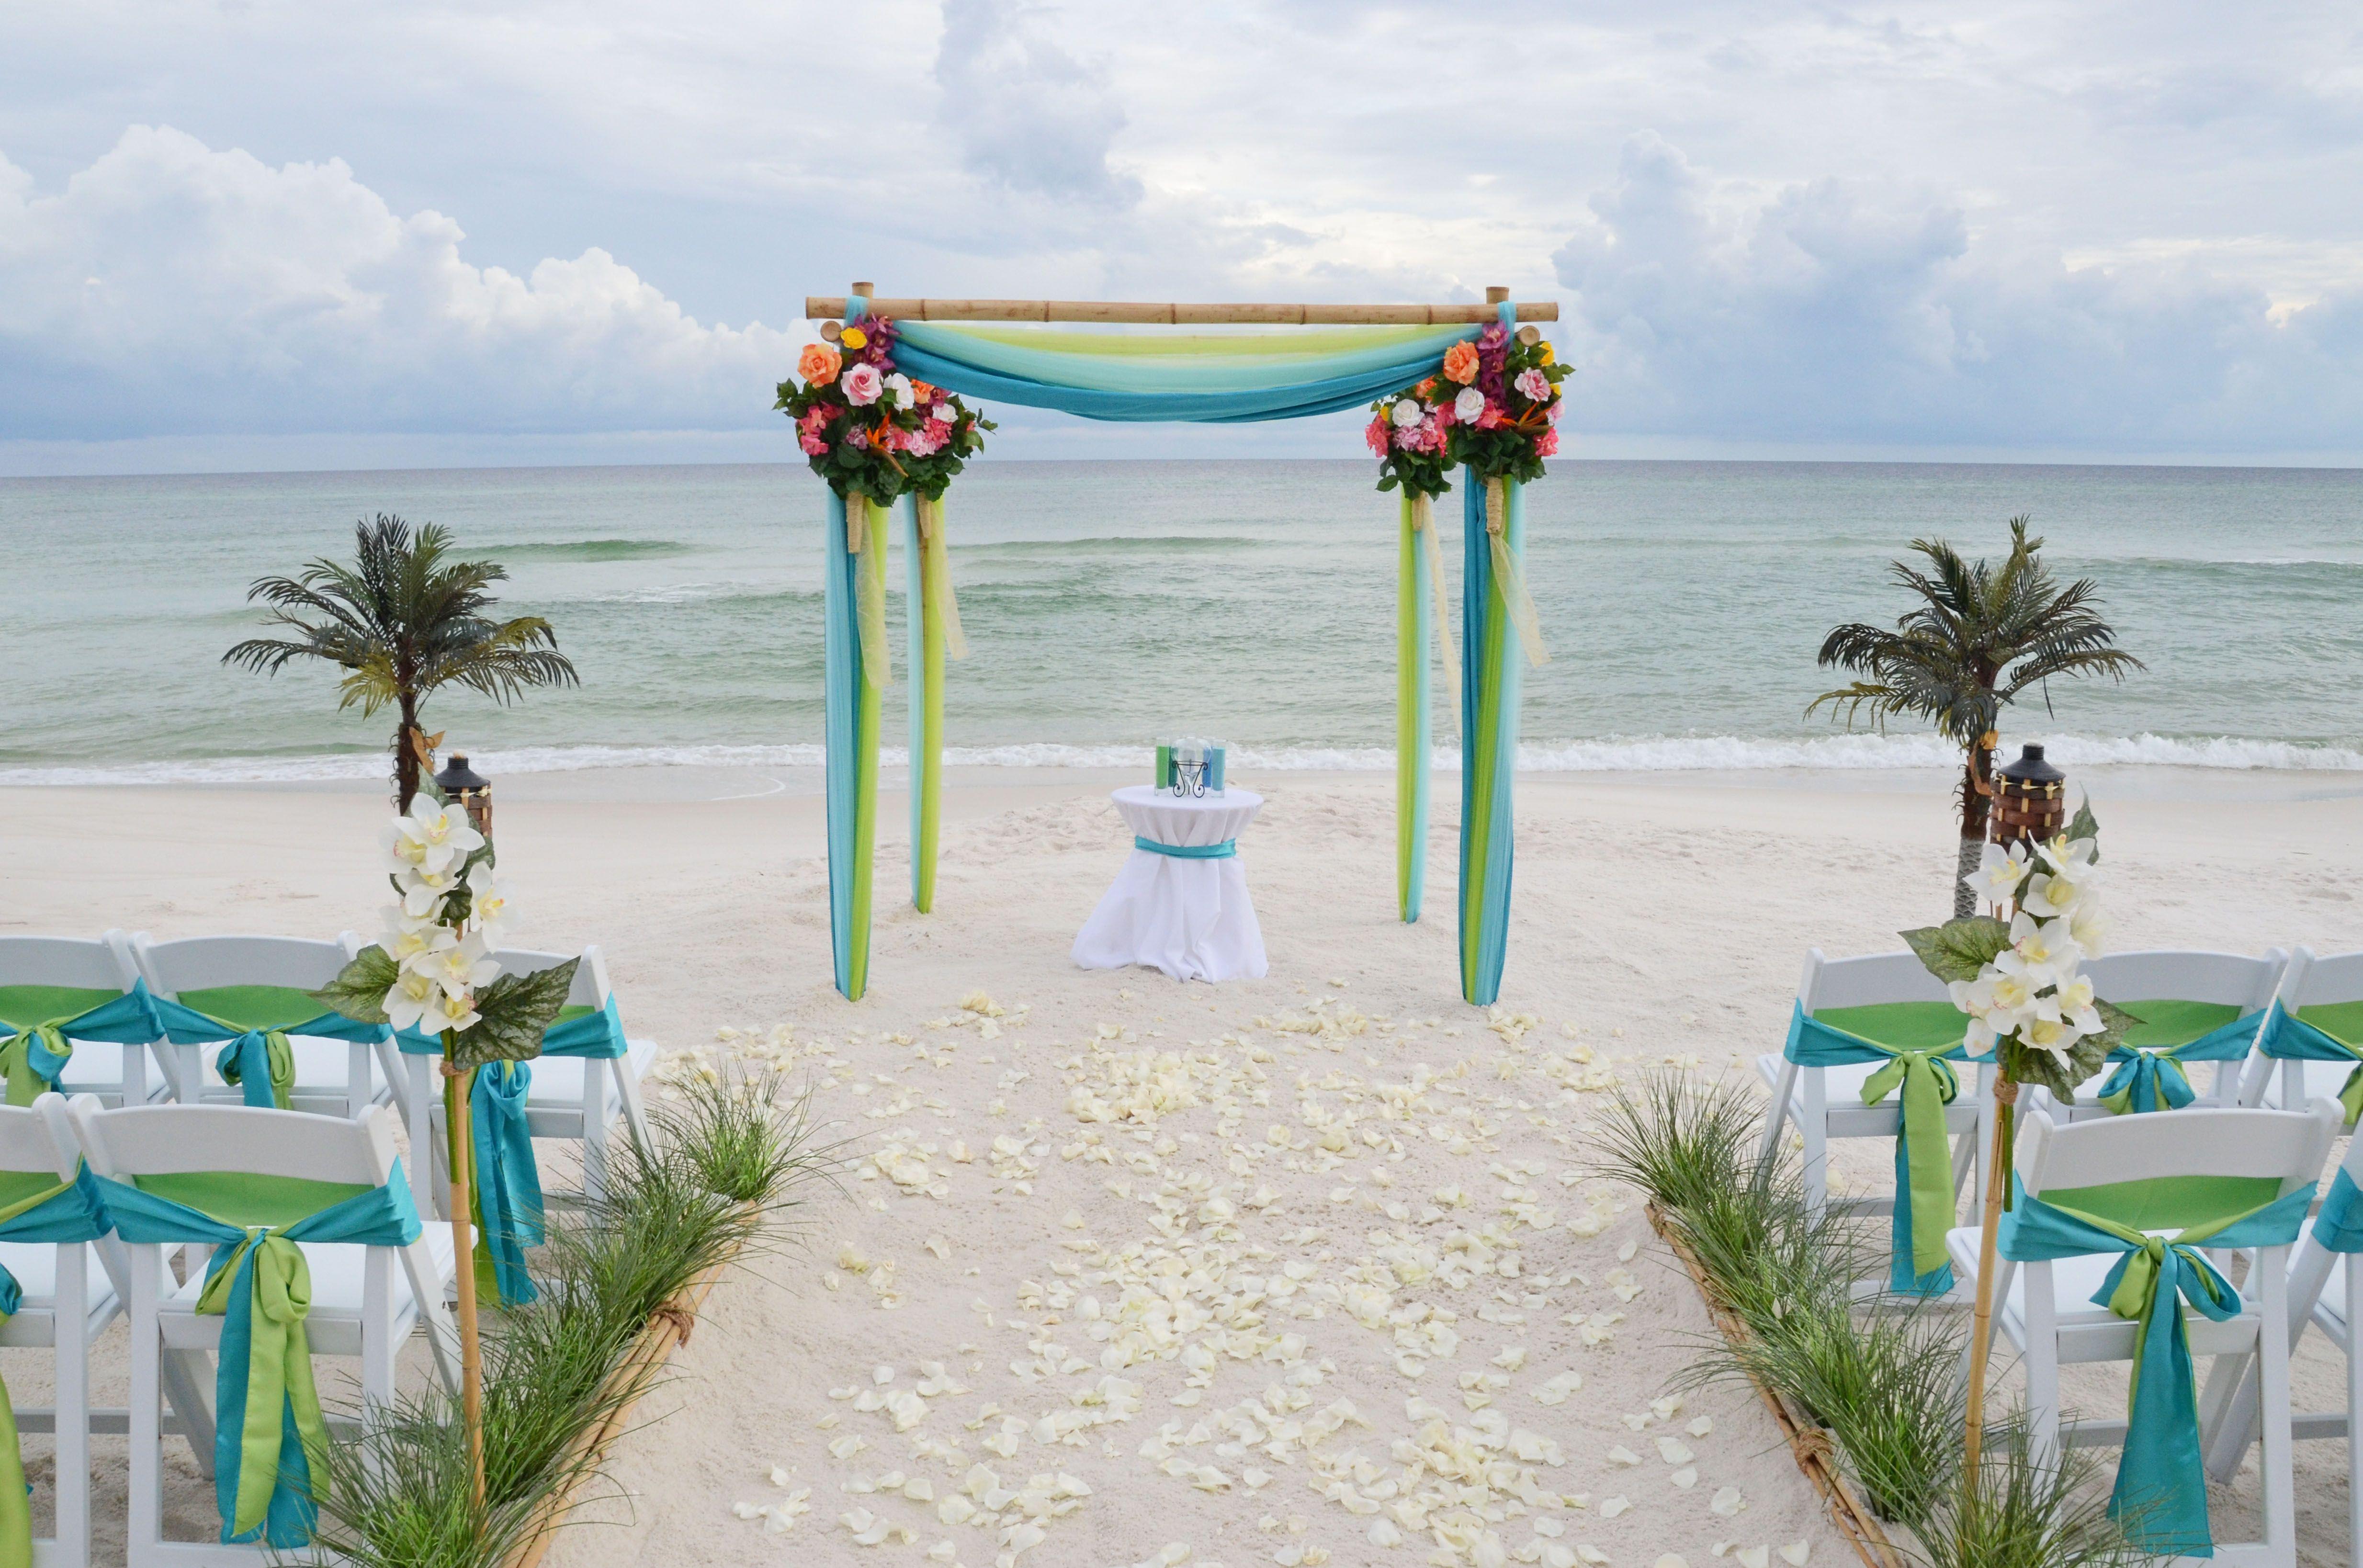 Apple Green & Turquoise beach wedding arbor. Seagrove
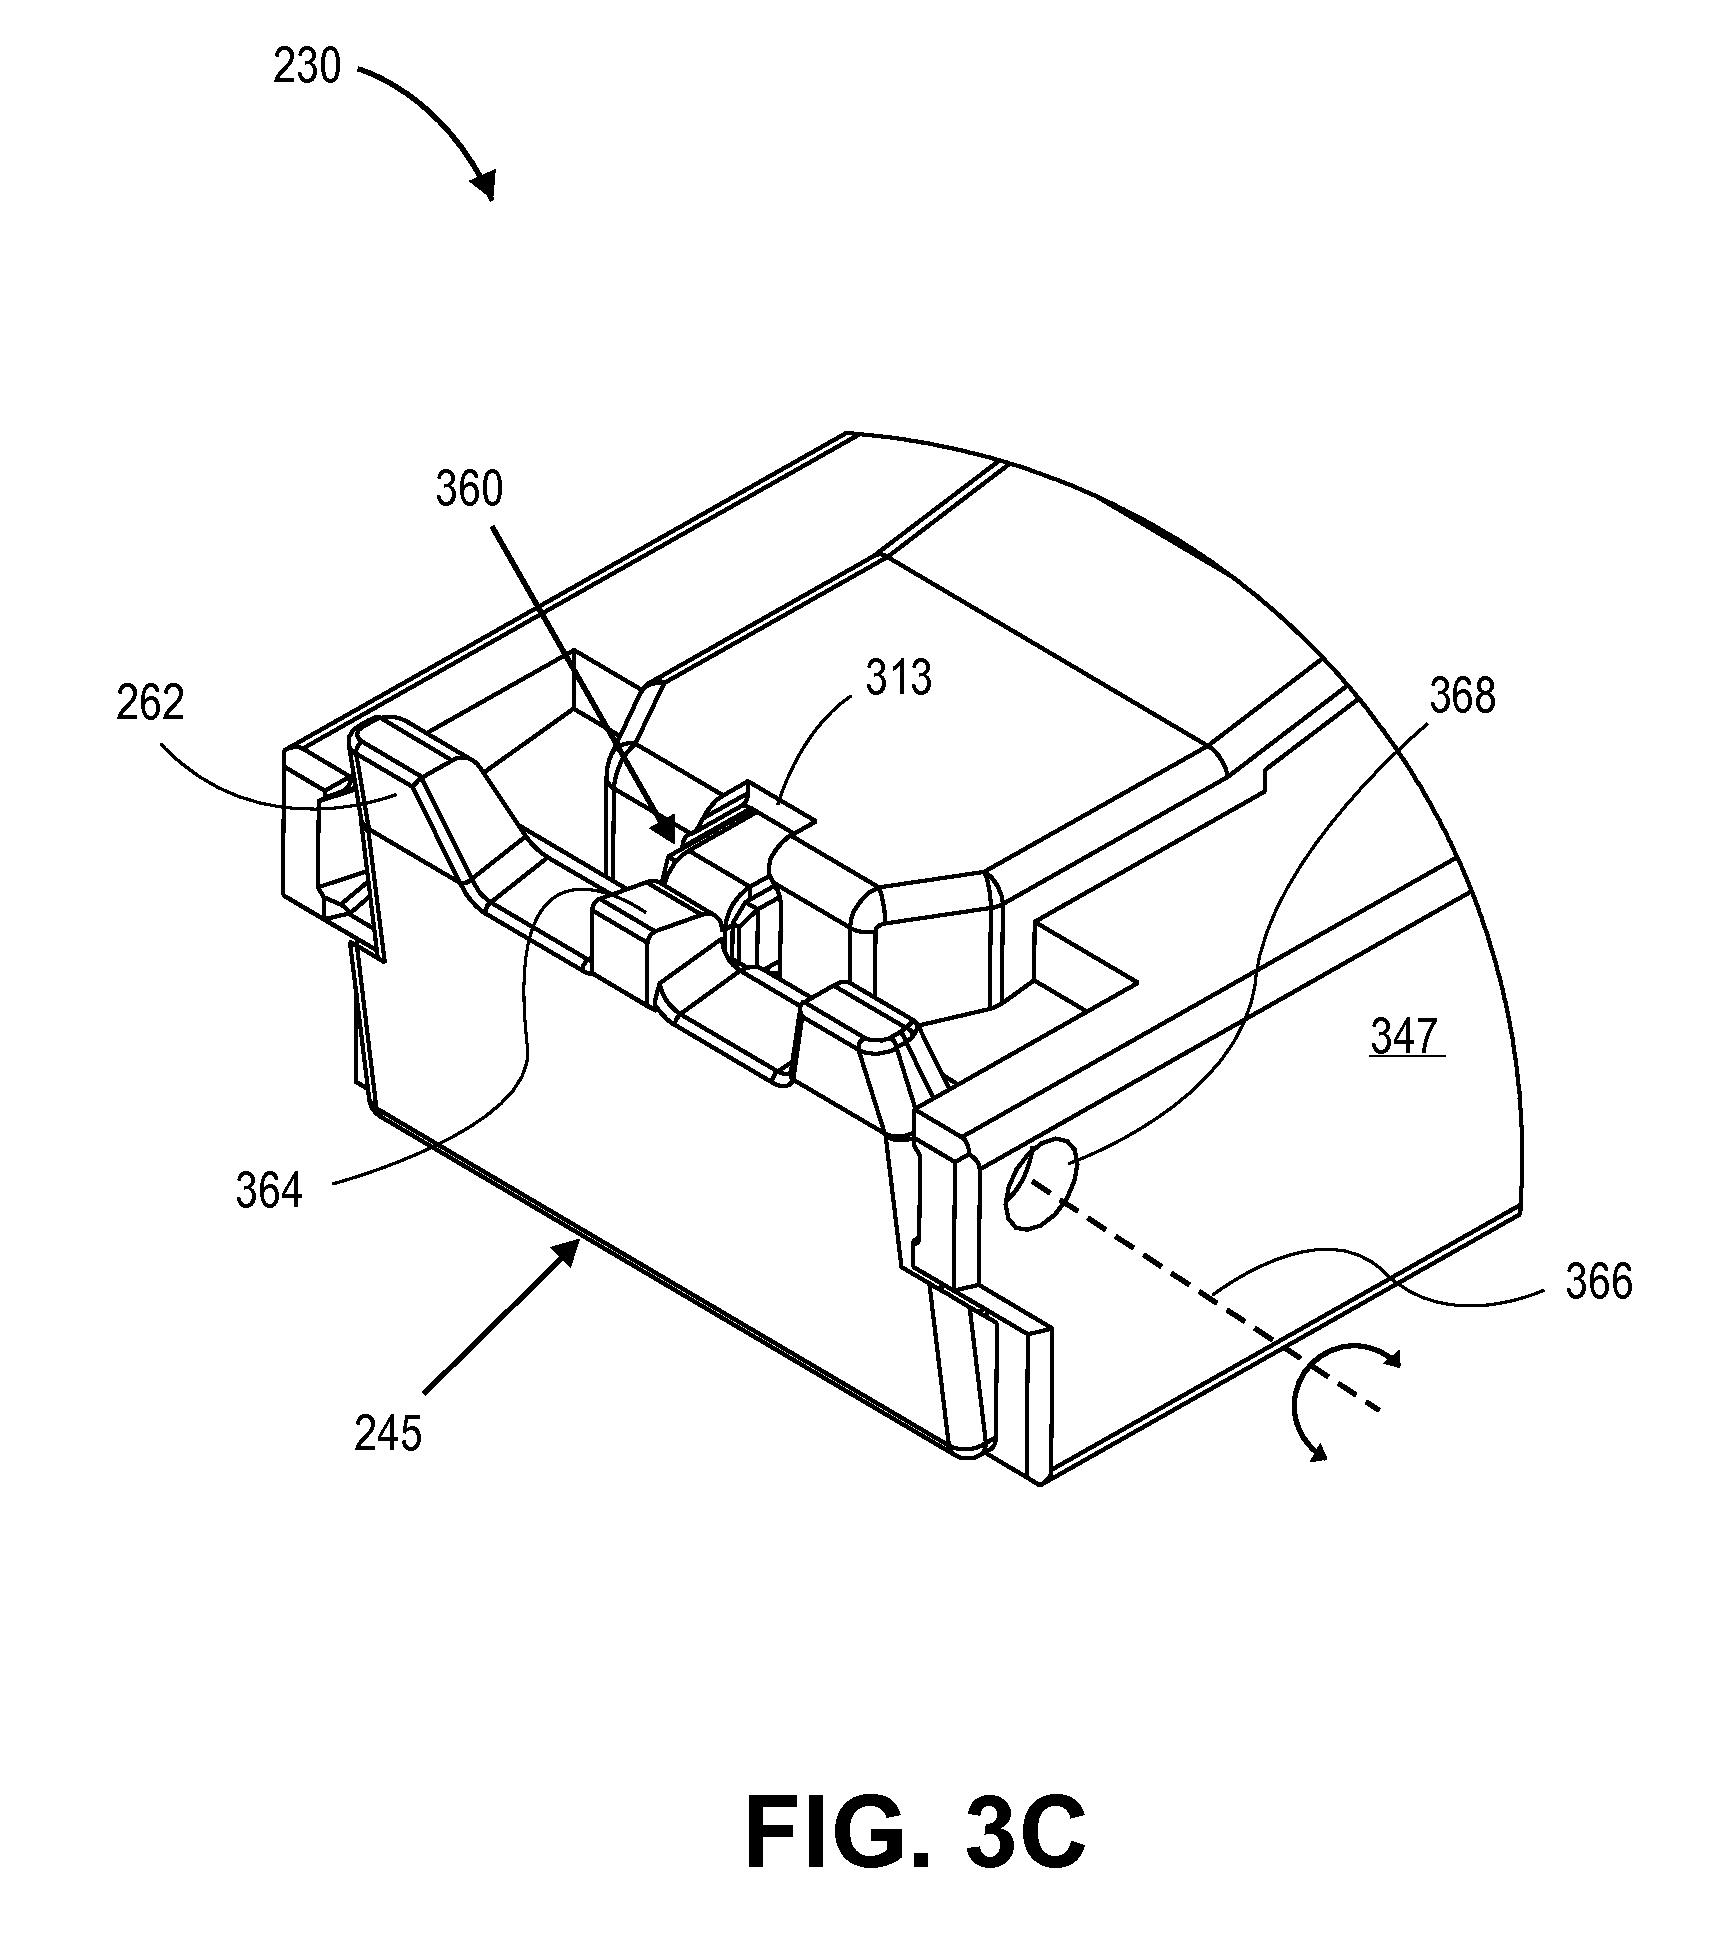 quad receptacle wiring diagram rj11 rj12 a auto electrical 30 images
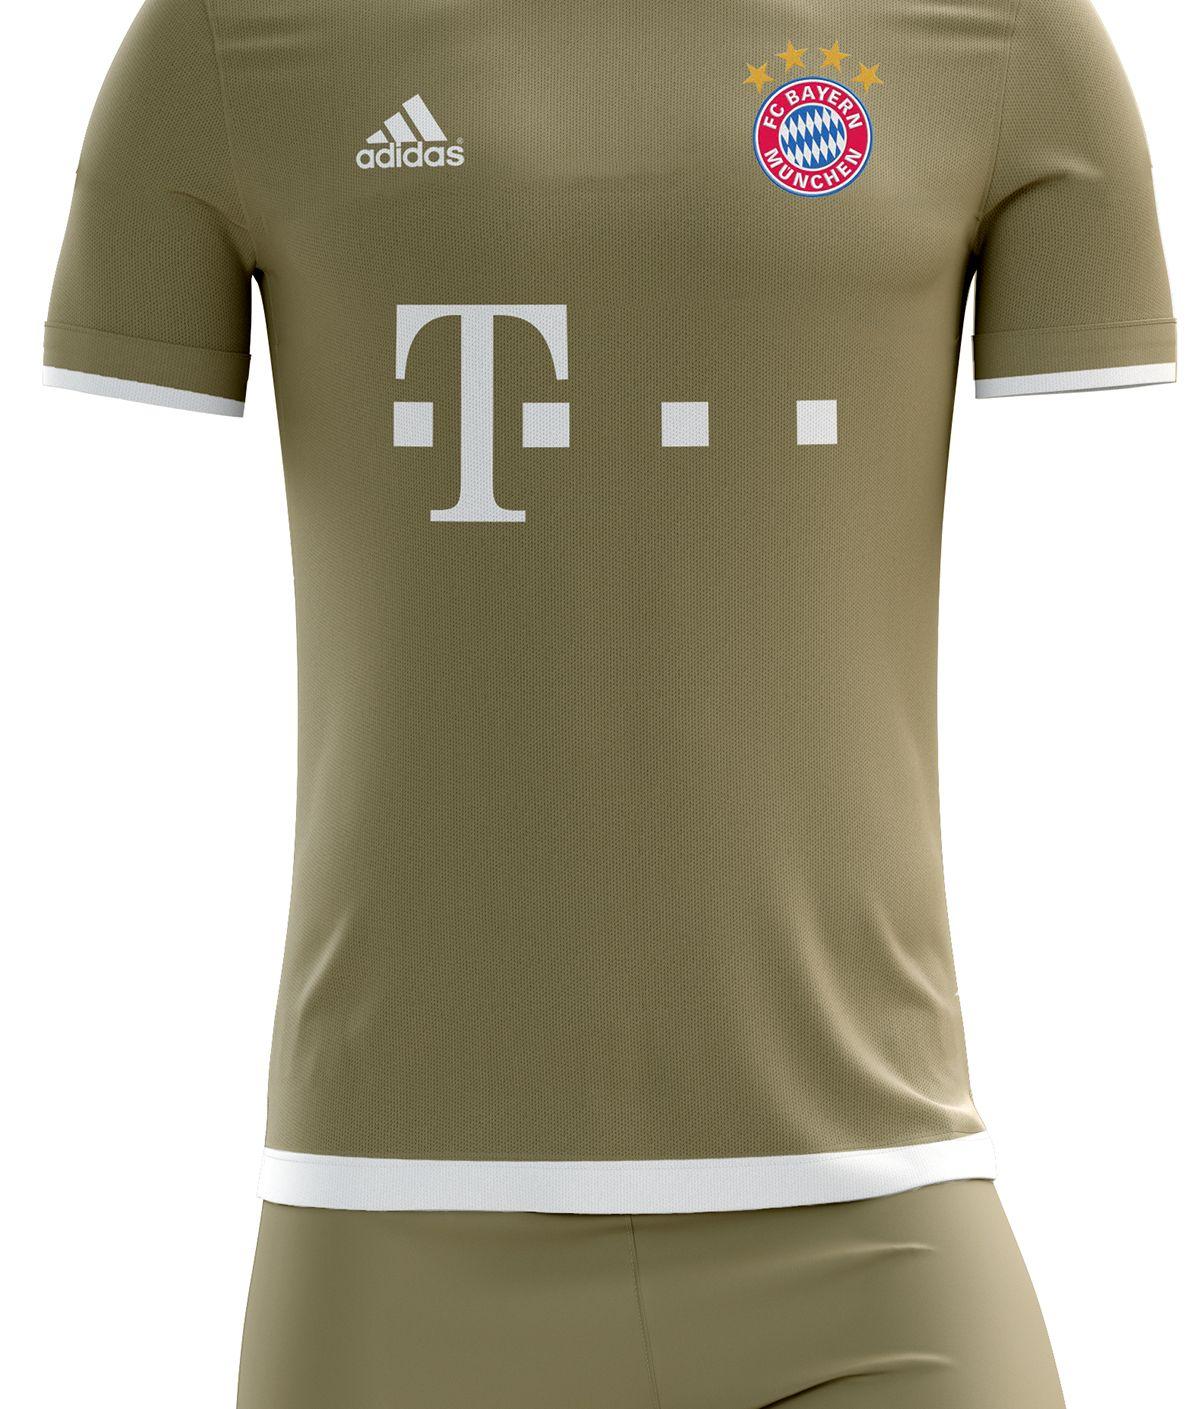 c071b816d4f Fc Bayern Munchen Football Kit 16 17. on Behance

WHAT THE TASK REQUIRES
Skipping all pictures, set the listing down exactly as written.

REPLY TO THE TASK
 Apple Green & Turquoise beach wedding arbor. Seagrove
 quad receptacle wiring diagram rj11 rj12 a auto electrical 30 images
 c071b816d4f Fc Bayern Munchen Football Kit 16 17. on Behance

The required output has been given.